The U.S. Departments of Labor (DOL), Health and Human Services (HHS), and the Treasury (Departments) issued joint Frequently Asked Questions (FAQs) clarifying certain aspects of the Families First Coronavirus Response Act (FFCRA) and the Coronavirus Aid, Relief, and Economic Security Act (CARES Act). Highlights include:

  • The testing coverage requirements end when the COVID‑19‑related public health emergency ends. The FAQs clarify that the public health emergency ends the earlier of [1] the date the Secretary of HHS declares the emergency is over or 90 days following the date of the public health emergency declaration. As the current public health emergency declaration was issued on April 26, 2020, the testing requirements will end on July 25, 2020, unless the Secretary of HHS terminates the public health emergency earlier or otherwise extends it.
  • Testing requirements apply to all group health plans (including grandfathered plans under the Affordable Care Act) except for plans that provide only excepted benefits (e.g., dental and vision plans) or plans that qualify as retiree-only plans. The FAQs also confirm that grandfathered plans will not jeopardize their status by complying with FFCRA’s coverage requirements provided no other changes are made that would cause a loss of grandfathered status.
  • “In-vitro diagnostic tests” include serological (antibody) tests. Additionally, items and services for “the evaluation of such individual for purposes of determining the need for diagnostic testing” include testing for other respiratory illnesses (e.g., flu tests, blood tests) to determine if COVID-19 testing is required.
  • Plans must cover COVID-19 testing from an out-of-network provider at no-cost sharing. However, a plan may negotiate a rate with an out-of-network provider that is lower than the published cash price.
  • The FAQs confirm the definition of a “visit” for COVID-19 testing purposes is truly regardless of setting—so long as there is a licensed health care provider administering the test. This includes drive-through screening, testing through an EAP, and other nontraditional settings, provided that a licensed health care provider is present and administers the testing.  The FAQs also confirm that offering testing through EAPs and on-site clinics will not cause these to cease being deemed an excepted benefit.
  • The FAQs also provide non-enforcement policies for 60-day advance notice of plan changes related to COVID-19 that would otherwise be required for changes impacting the summary of benefits and coverage. This non-enforcement policy applies to FFCRA-related changes and to improvements to telehealth coverage (including telehealth coverage that exceeds FFCRA’s requirements). The FAQs note that notice must be provided as soon as reasonably practical. These non-enforcement policies will continue while the FFCRA’s testing requirement remains in effect or a national emergency declaration related to COVID-19 is in effect.
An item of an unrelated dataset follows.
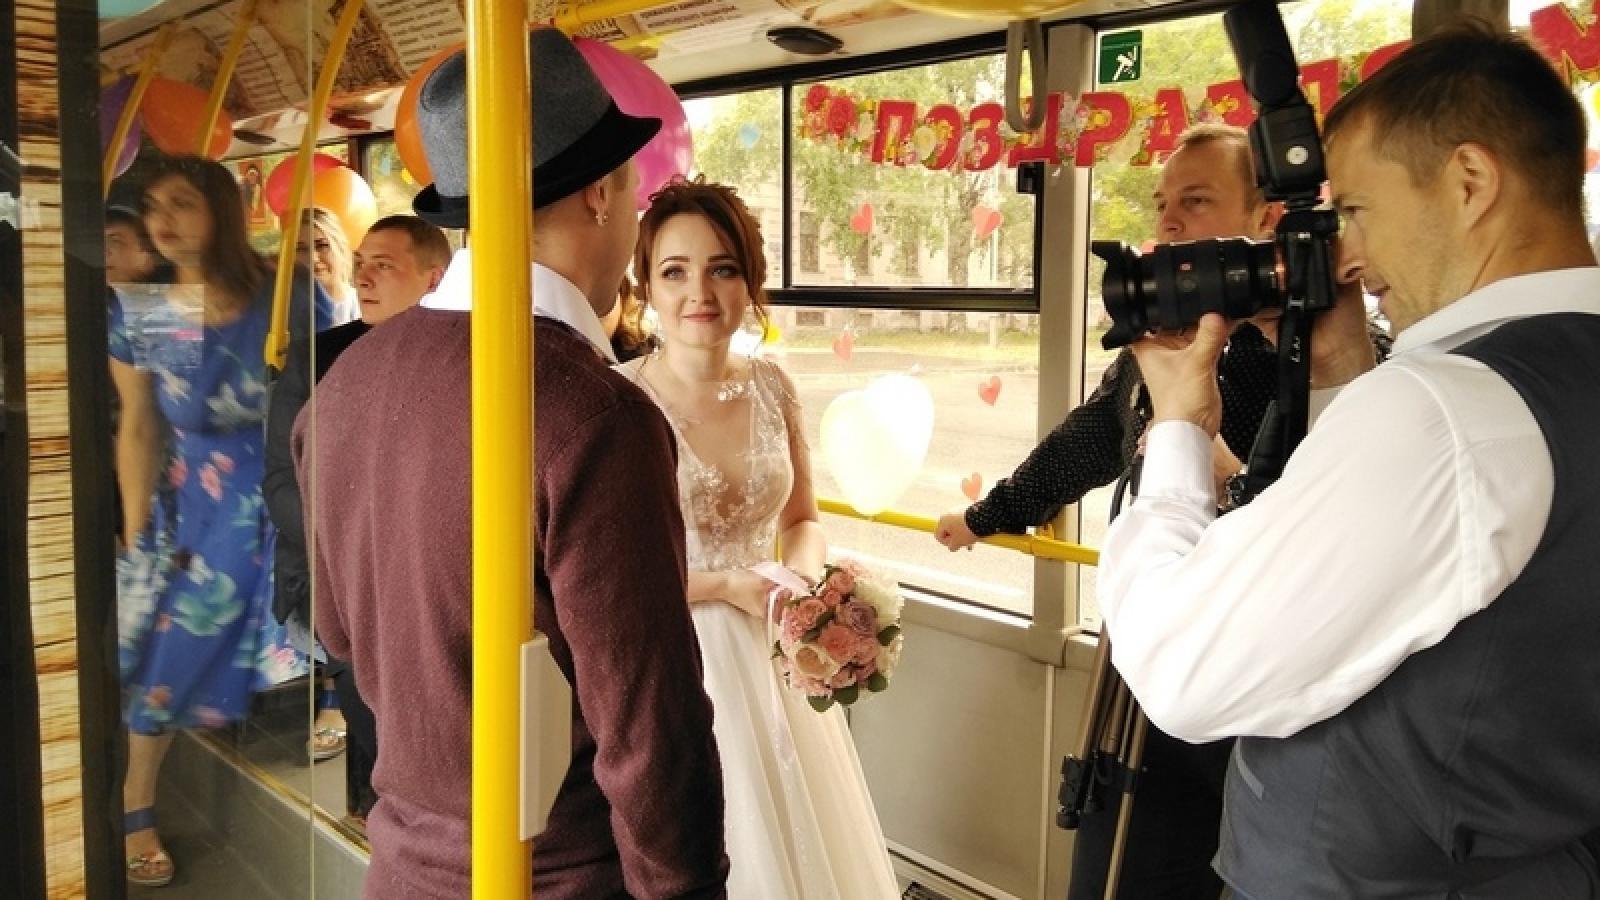 Череповецкие молодожены отпраздновали свадьбу в автобусе

Note that the U.S. Food and Drug Administration  has approved the first home-testing kit for COVID-19, obtainable by prescription, whereby the patient collects samples at home and mails them in to be tested. This would presumably fall under the “in-vitro” category and be covered at 100 percent as well.

COBRA FAQs (May 1, 2020)

The DOL issued FAQs concerning the coordination of COBRA and Medicare and corresponding updated model COBRA notices. The FAQs provide a reminder to plans that COBRA coverage can be terminated if a qualified beneficiary enrolls in Medicare after electing in COBRA. However, if a qualified beneficiary enrolls in Medicare before electing in COBRA, COBRA coverage may not be terminated due to Medicare enrollment. The FAQs clarify that Medicare will pay primary to COBRA for purposes of the Medicare Secondary Payer rules. They also clarify that if the qualified beneficiary is eligible for Medicare, but does not enroll in Medicare during the eight-month special Medicare enrollment period, the Medicare Part B late enrollment penalty may apply.

The updated model COBRA notices include a new section explaining these rules.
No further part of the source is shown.